The U.S. Secret Service is investigating how personal details on thousands of campaign contributors to Norm Coleman, enmeshed in a court battle to win back his Senate seat, were dug out of his database and posted on the Internet.

Coleman, who said campaign officials found out about the hacking late Tuesday after getting calls from donors, called the online theft "obviously an attack on my campaign" but named no suspects. His lawyer, Fritz Knaak, said that while crippling Coleman's fundraising during the election trial was an obvious reason, the campaign had no evidence that political opponents were to blame.
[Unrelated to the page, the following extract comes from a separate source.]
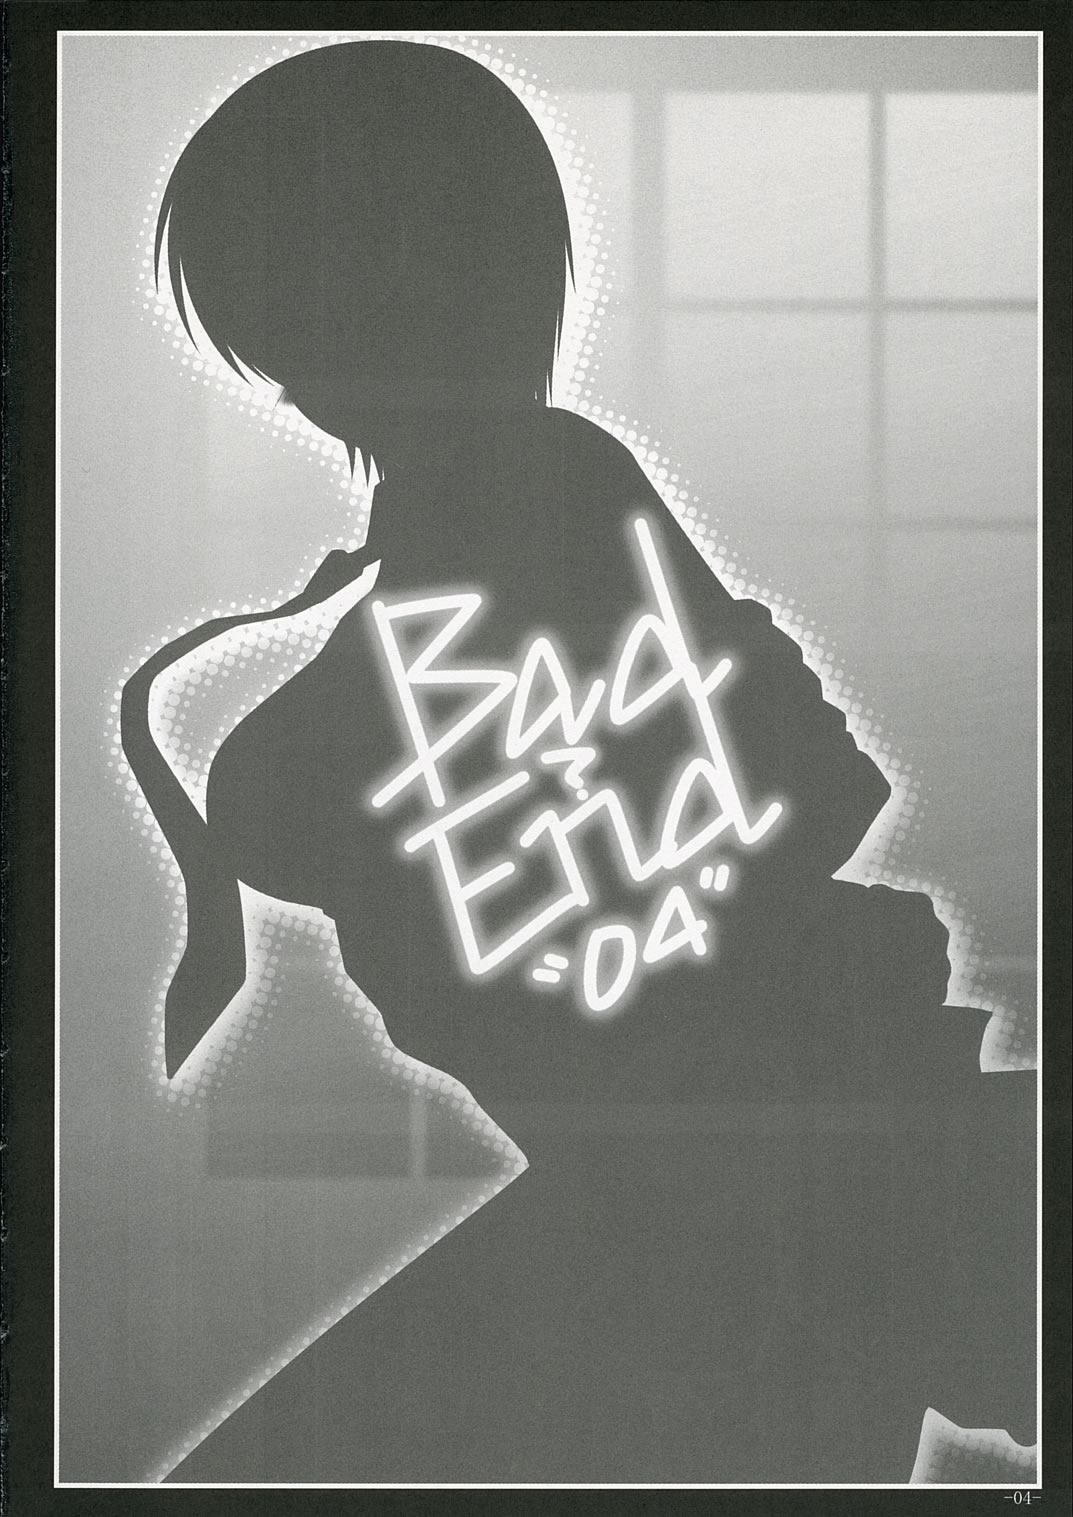 BAD？END-04- 3ページ

"This is chilling. This is frightening," Coleman said after Wednesday's trial session. "We live in a world where privacy is hard enough to maintain as it is, and what little is left we find is compromised. ... I am hopeful, not confident, that law enforcement authorities who are involved will get to the bottom."

The data posting came as Coleman, a Republican, tries to gain enough votes in the election trial to overcome the 225-vote lead that Democrat Al Franken gained in a recount.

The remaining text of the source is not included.